# Beach Glass, Geodes, and Bricks from the shores of Lake MI



## woodswalker

Out walking the beach a few days ago and found quite a few neat rocks, glass and Geodes....Even a few strange bricks....heres a few pics.


----------



## woodswalker

Found a Brick with W.WC.O inscribed in it...


----------



## woodswalker

Beautiful piece of blue beach glass


----------



## woodswalker

Here are a few Geodes....haven't broke the one in the middle yet and not sure about the one on the right...has lots of layers of crystals in it tho...


----------



## woodswalker

Another of the glass....


----------



## woodswalker

All in one days walk...lots of lightening stones and pretty rocks....Have more pics of others but grabbed the wrong Memory card this morning....Will have more pics soon!   Hope you enjoy these.
    Amanda


----------



## towhead

No agates?

 -Julie


----------



## woodswalker

These are just a few from Tuesday's visit to the beach...I have a few agates but they are small. I'll post the pics soon and hopefully find some more!!


----------



## digdug

WOW, that is some great finds!  Next time you go walking the beach, could you get a shot of the shore line? I am curious what it looks like.
 Thanks!
 Doug


----------



## woodswalker

Here's a few pics of the shoreline that I have here on my comp at work....they really don't show what I would like for you to see so I will get those up possibly tonight or tomorrow....There is a trail leading down to this secluded beach...pretty steep walk down the bluff actually, but very beautiful...
    These shots are from last summer...and the cutie in the pic is Gizmo...she's my "digging partner" []


----------



## woodswalker

This is a little farther up the beach...Used to be called Deer Lick...recently this area of shoreline was bought so they could build Condos....Was an excellent spot for rock hunting...Haven't been back there yet since all the renovations and building...this caused quite a few problems with the locals around here....not very fair for someone to "own" a beach.....


----------



## woodswalker

This is my spot here...There are huge pieces of concrete stacked all along the bluff to help with erosion...you can see one of those slabs in the upper left corner of the pic....


----------



## woodswalker

This one is near the path that leads down the bluff.....


----------



## mr.fred

Great pictures[]------your very lucky to have a place like that to hang out with your little sidekick.                Fred.


----------



## woodswalker

And heres something you probably don't see every day....This is one of the tall ships...a replica of one of Columbus's ships...This one was made in New York and is Called Friends Good Will.....It now resides here in South Haven...I have posted a link below if interested []
   Hope you enjoy these pics...I'll post some from this year as soon as I make it back down there.
 Amanda   

 http://www.michiganmaritimemuseum.org/friendsgoodwill/


----------



## towhead

Looks like an agate in the middle of the 4th picture!  []
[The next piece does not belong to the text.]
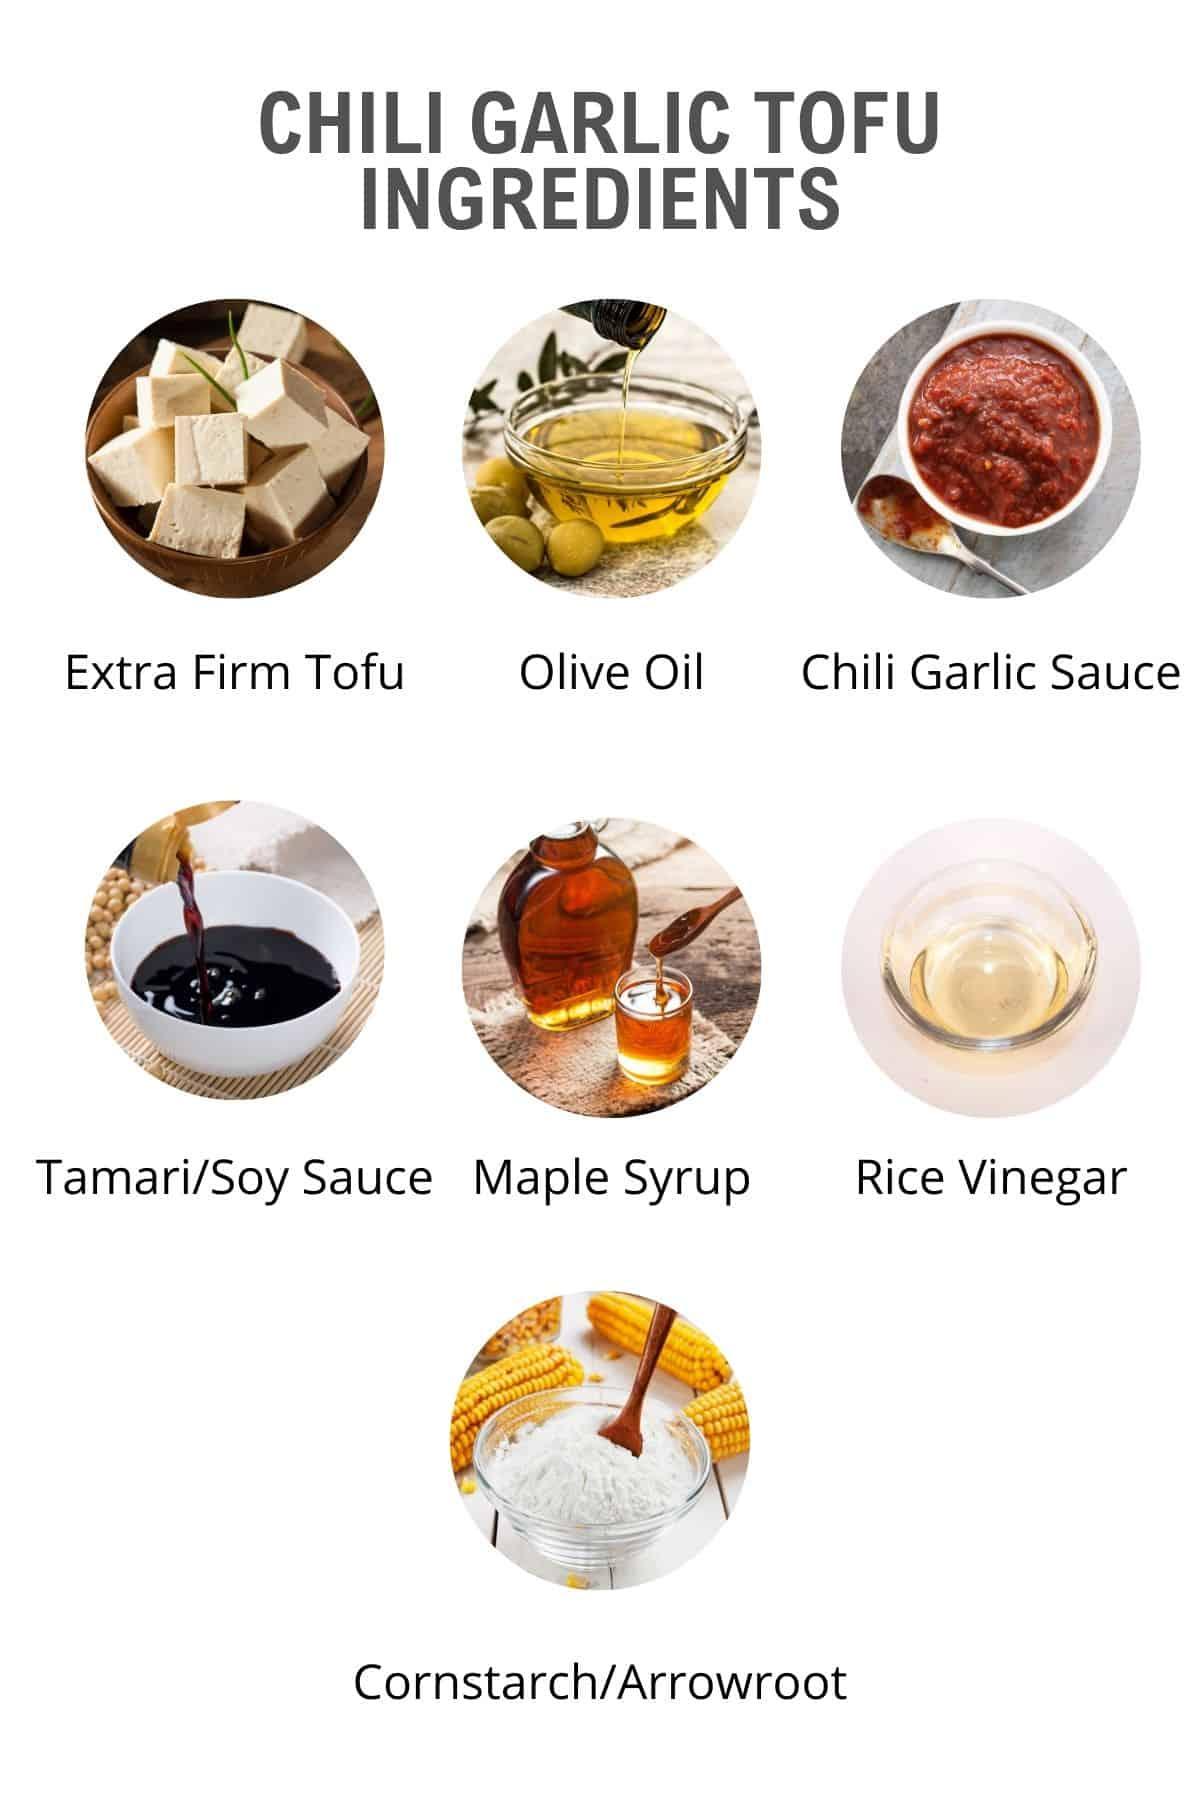 tofu in chili garlic sauce ingredients list, mise en place

 P.S. Which Great Lake is that?  I am next to Lake Superior. 

 -Julie


----------



## woodswalker

This is Lake Michigan....More towards the Southern part of MI....South Haven


----------



## woodswalker

Julie.....I will be breaking that one open tonight for sure...I thought it was another Geode like the one to the left of it....I'll post pics after I break it open!![]


----------



## towhead

I was kidding!  Maybe Michigan doesn't have many agates like Minnesota?  I've never found a geode.... 

 -Julie


----------



## digdug

woodswalker-
 Do you know of any good areas across the lake from you (around Milwaukee area) to look for Geodes and beach glass?  Heading up North this summer for the Coca-Cola Club Convention and I would like to explore some shore line while there.
 Thanks,
 Doug


----------



## woodswalker

Julie....Michigan does have agates...I think there are more towards the more northern part of the state...They are down here to just hard to find...and you may find a geode and just not know it...they look like plain old rocks on the outside, but won't be as heavy....I'm still breaking that one open tho...i expect that it will look like the one to the left on the inside!!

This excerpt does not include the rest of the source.